8.5) What happens if you try to insert a tuple into one of those views? Should users be allowed to perform inserts or updates on views? Add your answer to problem8.txt.

9. Appilcations that use a DBMS (20pts)

The goal of this final question is to ensure that you are comfortable writing an application that use a DBMS as a back-end. This question requires that you write a small amount of Java code.

You may find the following documentation helpful when completing this question:

Chapters 6 ("Database Application Development") and 7("Internet Applications") of the book by Ramakrishnan and Gehrke (R&G), Third Edition. Chapter 6 includes an introduction to JDBC with examples.
JDBC Documentation
The PostgreSQL JDBC Interface documentation.
An example to get you started.

To use JDBC, you need to have the jar file with the Postgres JDBC driver in you classpath. Set your classpath as follows if you're using tcsh:

> setenv CLASSPATH /usr/share/java/postgresql-jdbc4.jar:.

or as follows for bash:

> export CLASSPATH=/usr/share/java/postgresql-jdbc4.jar:.

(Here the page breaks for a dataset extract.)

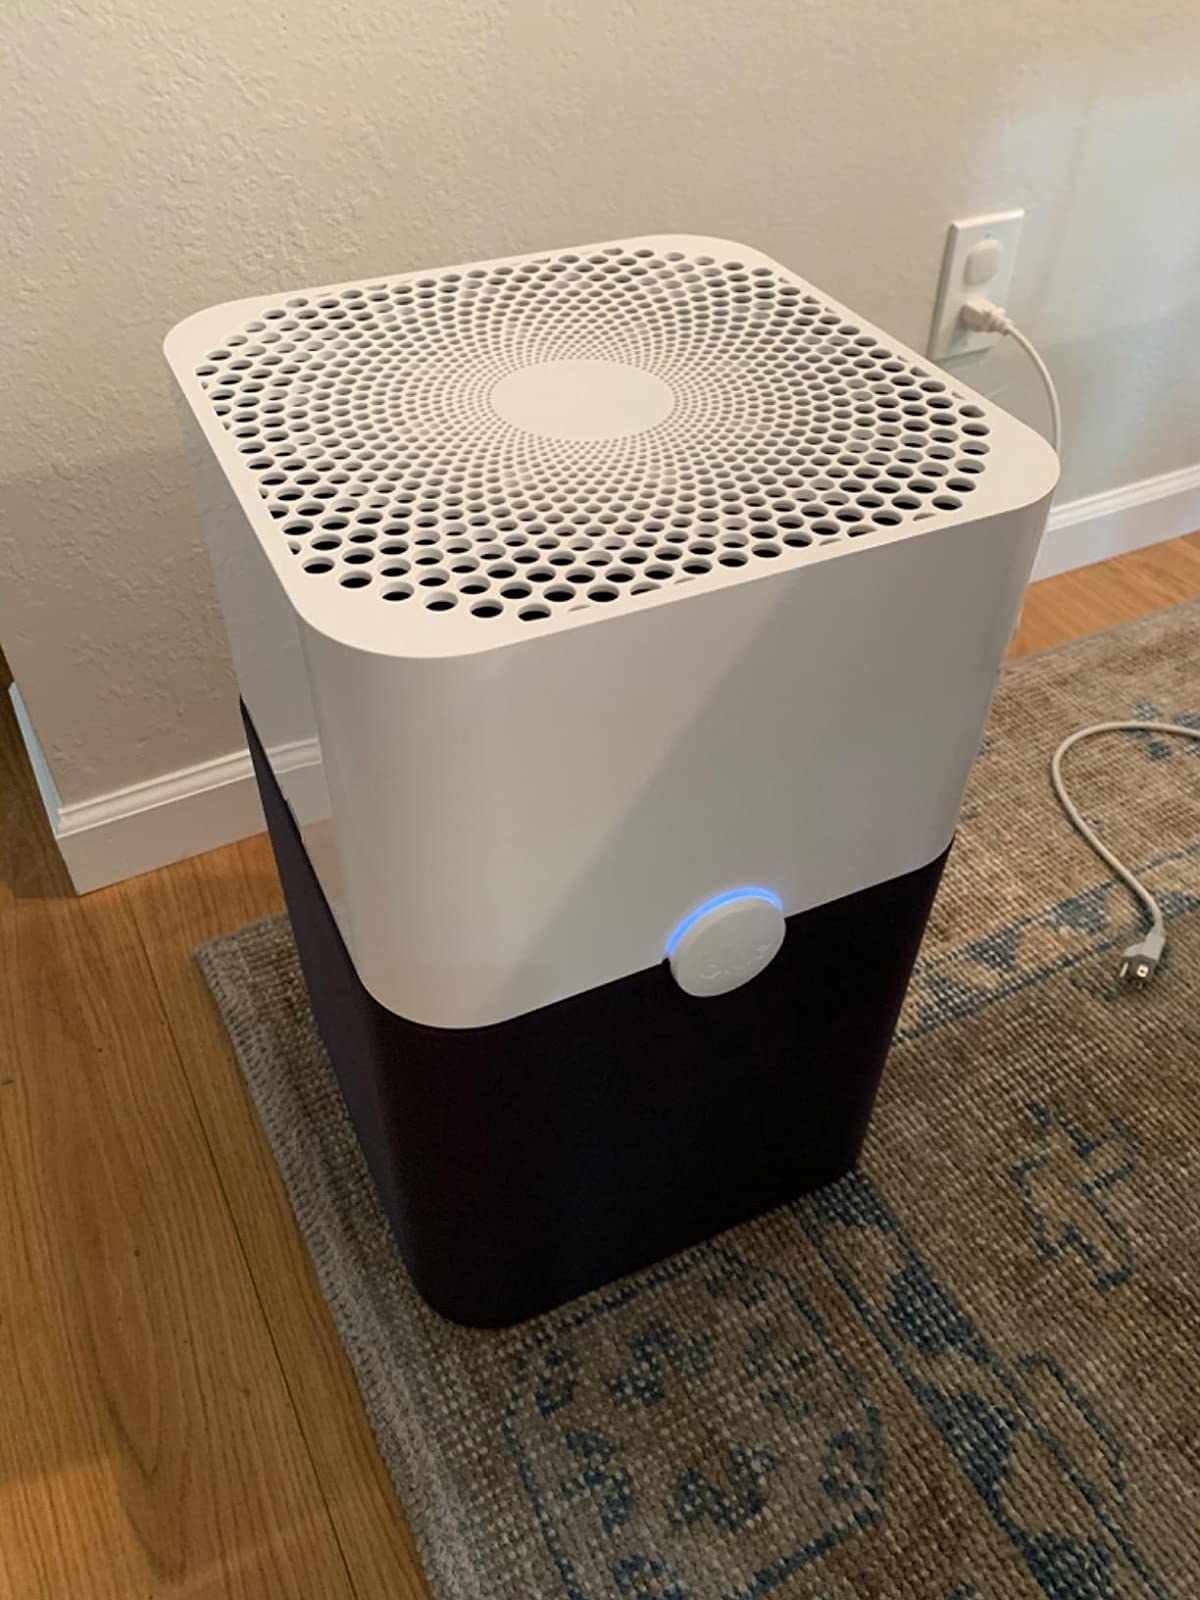 reviewer image of the air purifier on a rug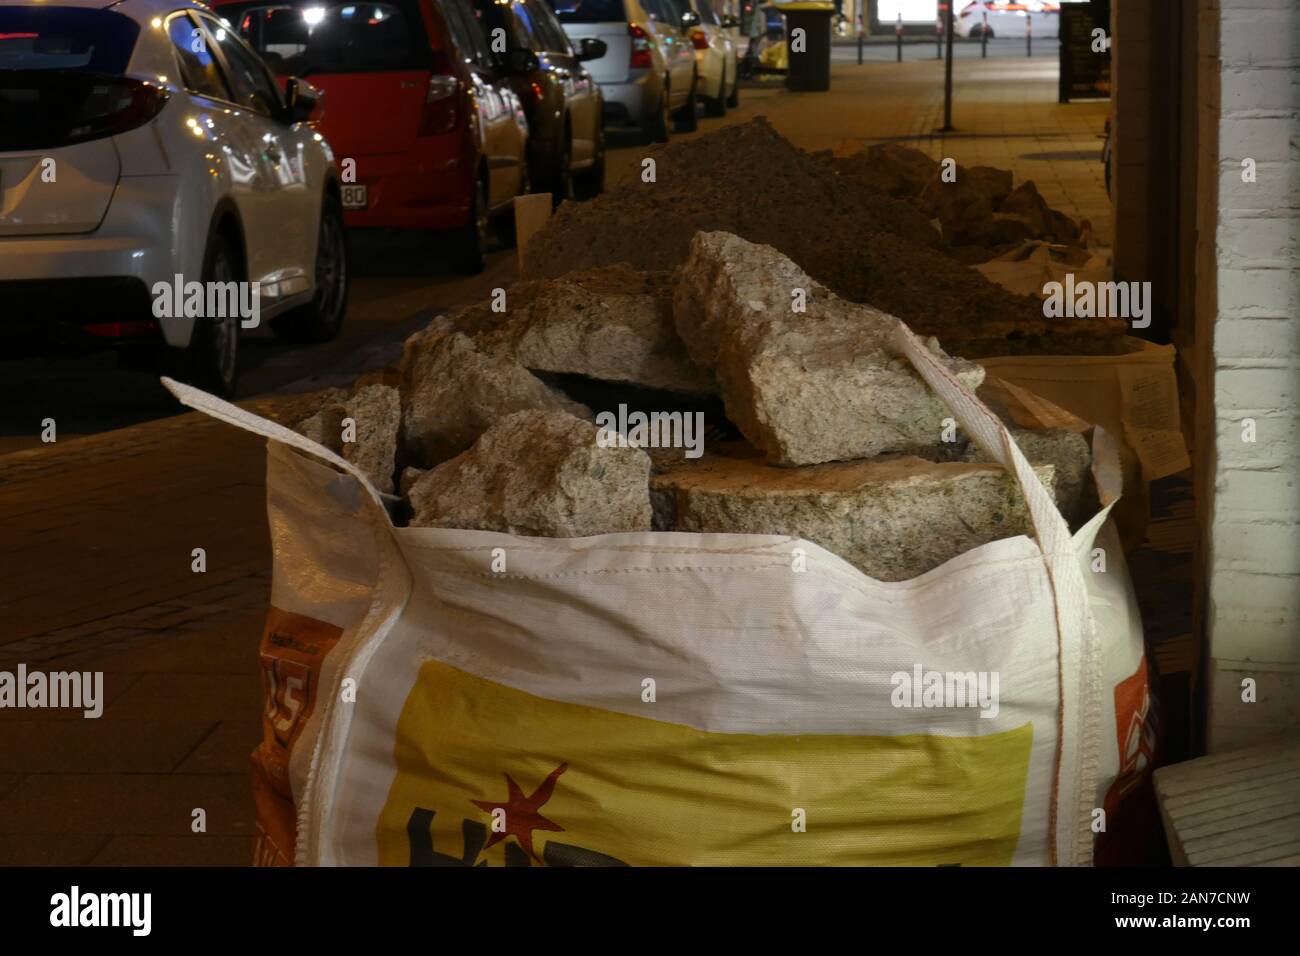 Garbage bags filled with rubble standing on the street at night, Germany, Europe Stock Photo

Create a class called ToyDB. Executing:

> java ToyDB

on cubist should produce the following menu:

   *** Please enter one of the following commands ***
  > list
  > list <age>
  > describe <pid>
  > inventory <pid>
  > suppliers <pid>
  > manufacturer <pid>
  > quit
  >

These commands should perform the following actions:

list: lists all the products in the Product relation.

list <age>: shows all the toys where the min_age is less than or equal to <age>.

describe <pid>: shows the detailed description of a product given its <pid>.

inventory <pid>: shows the number of items left in stock for product <pid>.

suppliers <pid>: shows the id and name of all suppliers for product <pid>.

manufacturer <pid>: shows the id and name of the manufacturer for product <pid>.

quit: quits the application.

Your application should perform some rudimentary error checking, but we will not test it on erroneous inputs. Please do not spend time making things bullet-proof.

To ensure you work directly on the interesting parts of this assignment, we provide you a starter file ToyDBMenu.java that includes the code to print the menu and read user commands. The ToyDBMenu class also shows samples of how the results should be printed. You only need to rename the file and add the code to connect to the database, execute the appropriate SQL statements, and display the results.

Please write your program such that it reads the database name, login, and password necessary to connect to the database from a file. The format of the file should be:

    jdbc:postgresql:cse544-09wi-yourlogin
    cse544-09wi-yourlogin
    password

This will help us when we test your assignment.

Testing your application

Inside hw1.tar.gz, we provide you a few test files called toydbX.test. Executing

> java ToyDB < toydbX.test

Should produce the same output as the one shown in toydbX.out.

We will test your application on inputs similar to toydbX.test.

Turn-in instructions

As for all the assignments, you can work on this assignment in a group of two. Make sure to turn-in the following files. Each team should submit one set of files only. Please include a text file with the name of both partners:

partner-names.txt
problem1.txt
problem2.txt
problem3.txt
problem4.txt
nothing to turn-in for problem 5
problem6.txt
problem7.txt
problem8.txt
All the files that comprise the application that you built in problem 9.

To hand-in your assignment, issue the following command under the directory where you saved the above files:

tar zcvf cse544-09wi-youraccountname.tar.gz problem?.txt partner-names.txt problem-9-files

After executing this command, you should see a file named cse544-09wi-youraccountname.tar.gz. Please send this file as an email attachment to your TA.